Чтобы добраться до похоронного зрелища, приходилось заворачивать вверх жалюзи — при моей тогдашней сноровке это было трудно, но как–то я с ними справлялся, затем пододвигал к окну стул и взбирался на сиденье.
Мы переехали в квартиру под вечер, а на следующее утро, когда все еще спали, я зачем–то встал и принялся бродить по комнате. Я сонно заглянул за жалюзи и там увидал свои первые похороны — большие, как сама смерть.
Катафалк стоял примерно в тридцати футах от моего окна. Представляете размеры катафалка? Тридцать футов — слишком близко для пятилетнего ребенка. Мне он показался размером с кинотеатр, который зачем–то выкрасили в черный цвет.
Тогда–то после долгой борьбы с жалюзи я впервые закатал их наверх, и, вскарабкавшись на придвинутый стул, занял у окна удобное место.
Все это я проделал очень тихо, чтобы не разбудить никого в доме. Чем бы не занимались дети, взрослые ни за что не упустят возможности им помешать — кроме тех случаев, когда дети делают то, что им не нравится. Если ребенок не любит какое–то дело, взрослые заставят его заниматься им всю жизнь, если же, наоборот, любят…
Катафалк был завален цветами.
Их было столько, что от цветов мне до сих пор не по себе. Мне нравятся цветы, но рядом с ними мне почему–то неуютно. Я не выпускаю это ощущение наружу, но оно всегда со мной — с того утра 1940 года, когда я смотрел на первые в своей жизни похороны.

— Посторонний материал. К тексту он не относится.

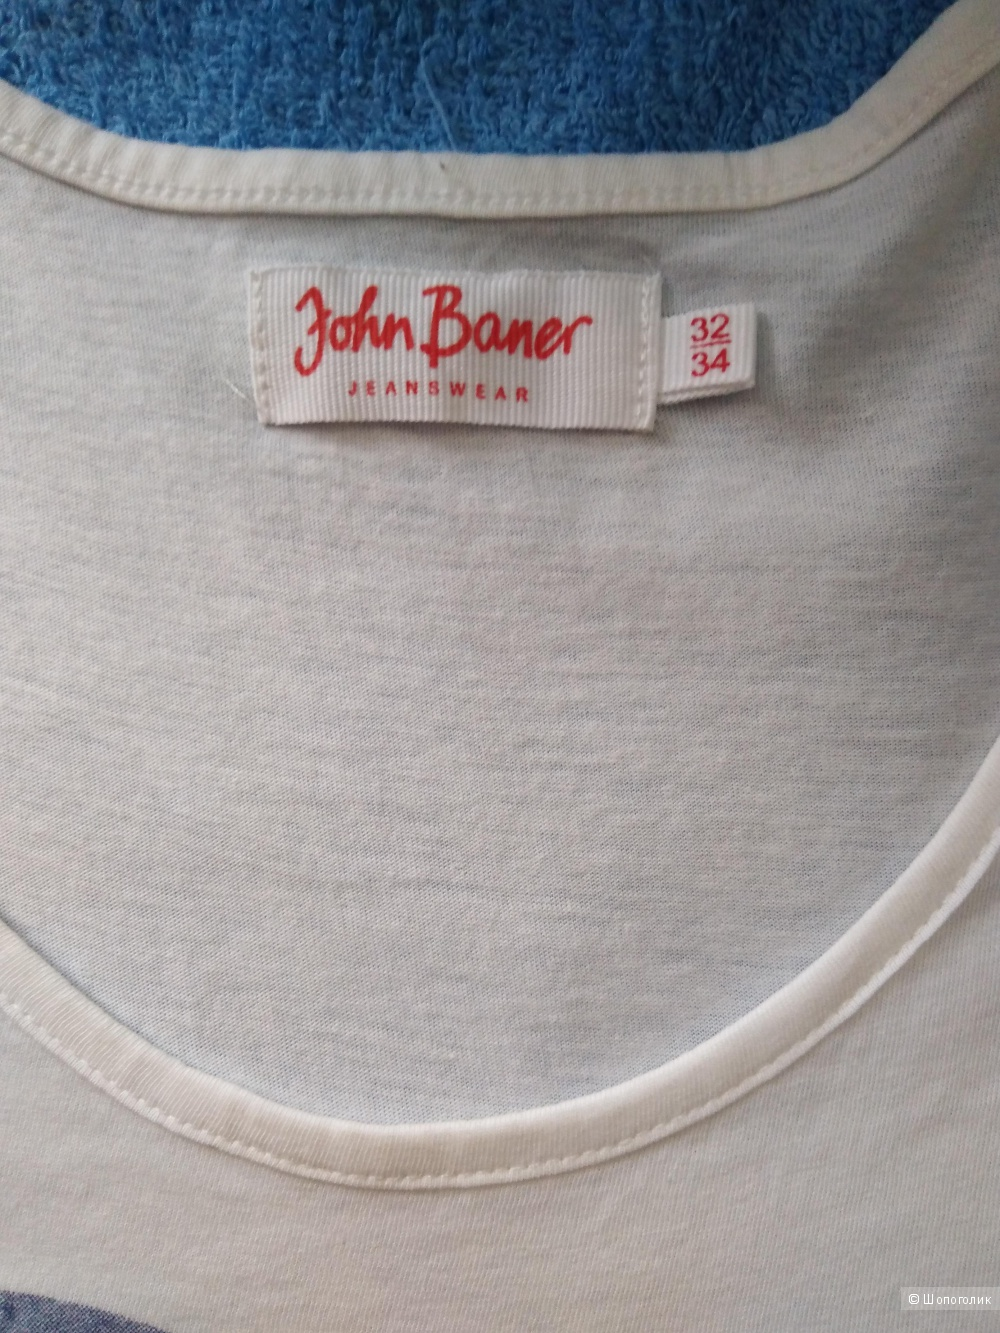 Футболка. John Baner. Р-р 32/34.
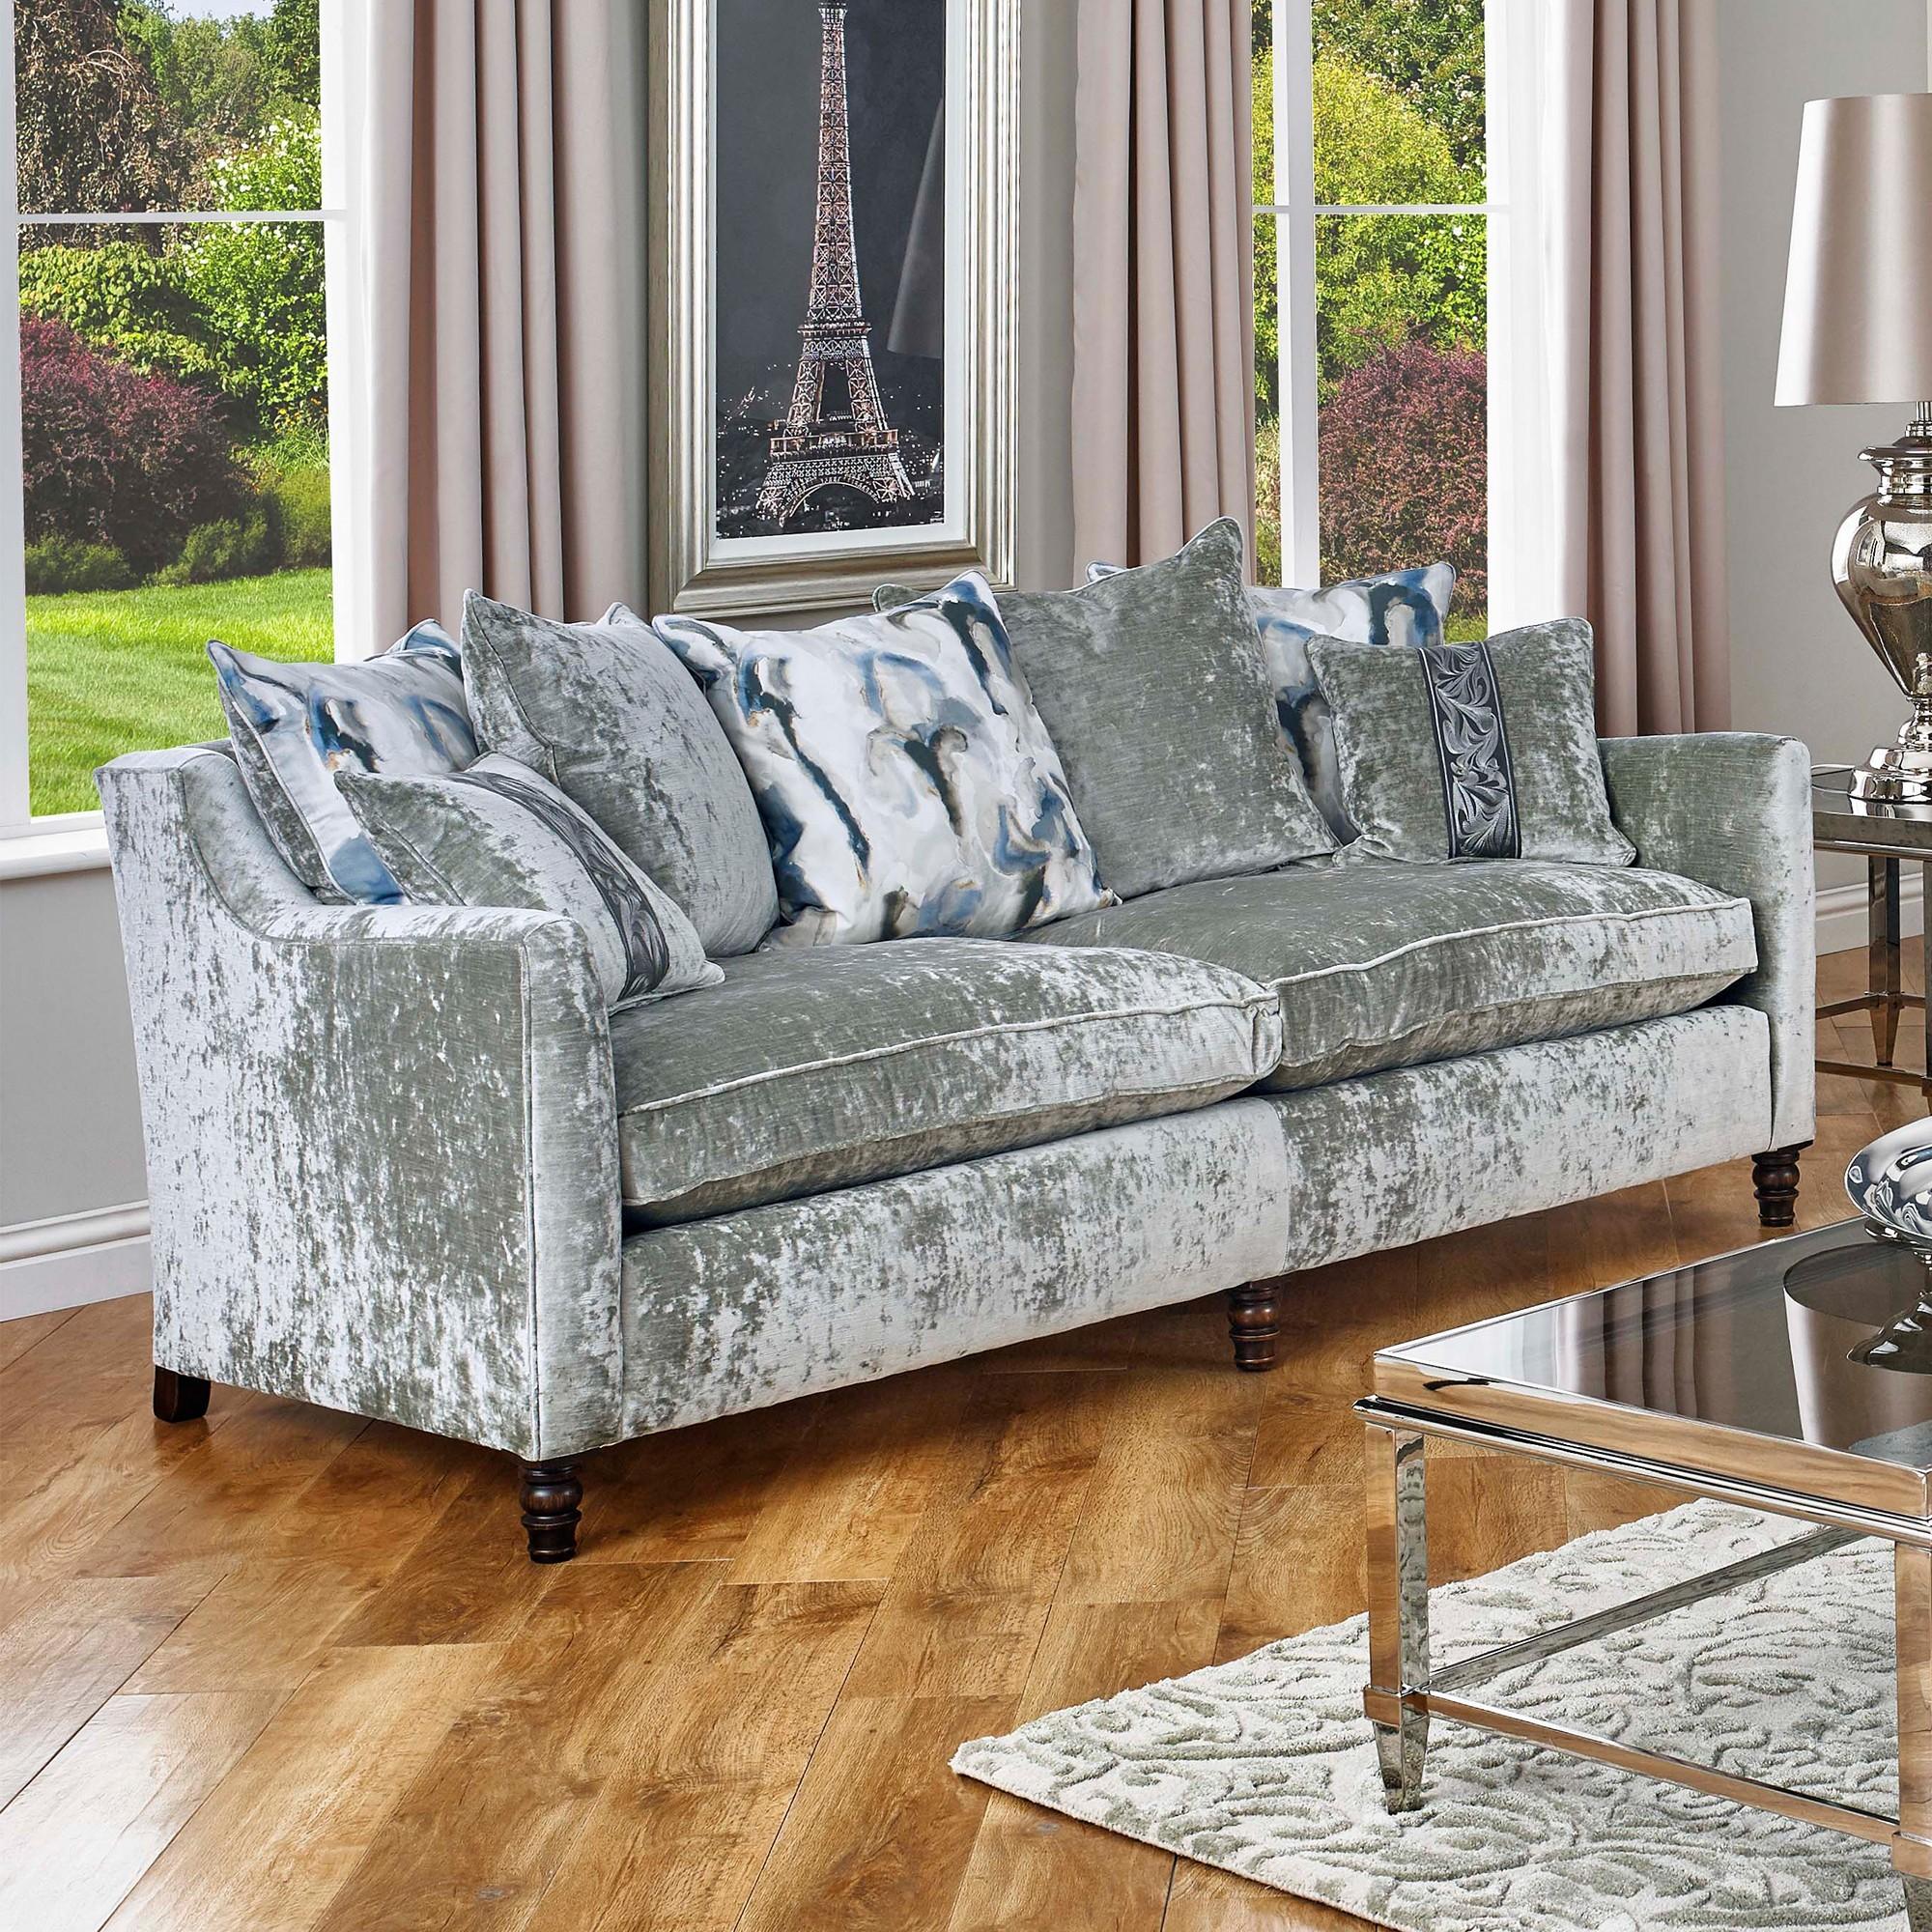 Marvelous Duresta Hoxton Large Sofa

Несколько минут катафалк и цветы стояли в одиночестве, если не считать двух мужчин в черном, которые явно никуда не торопились, а просто чего–то ждали. Мужчины и сами стали похожи на цветы — что–то вроде черных нарциссов.
Один курил сигарету. Он дотянул ее до самого конца так, что окурок должен был вот–вот прожечь ему руку. Другой поглаживал длинные усы — такие черные, что можно было подумать, будто они прыгнули с катафалка прямо мужчине под нос, но его это, кажется, не волновало.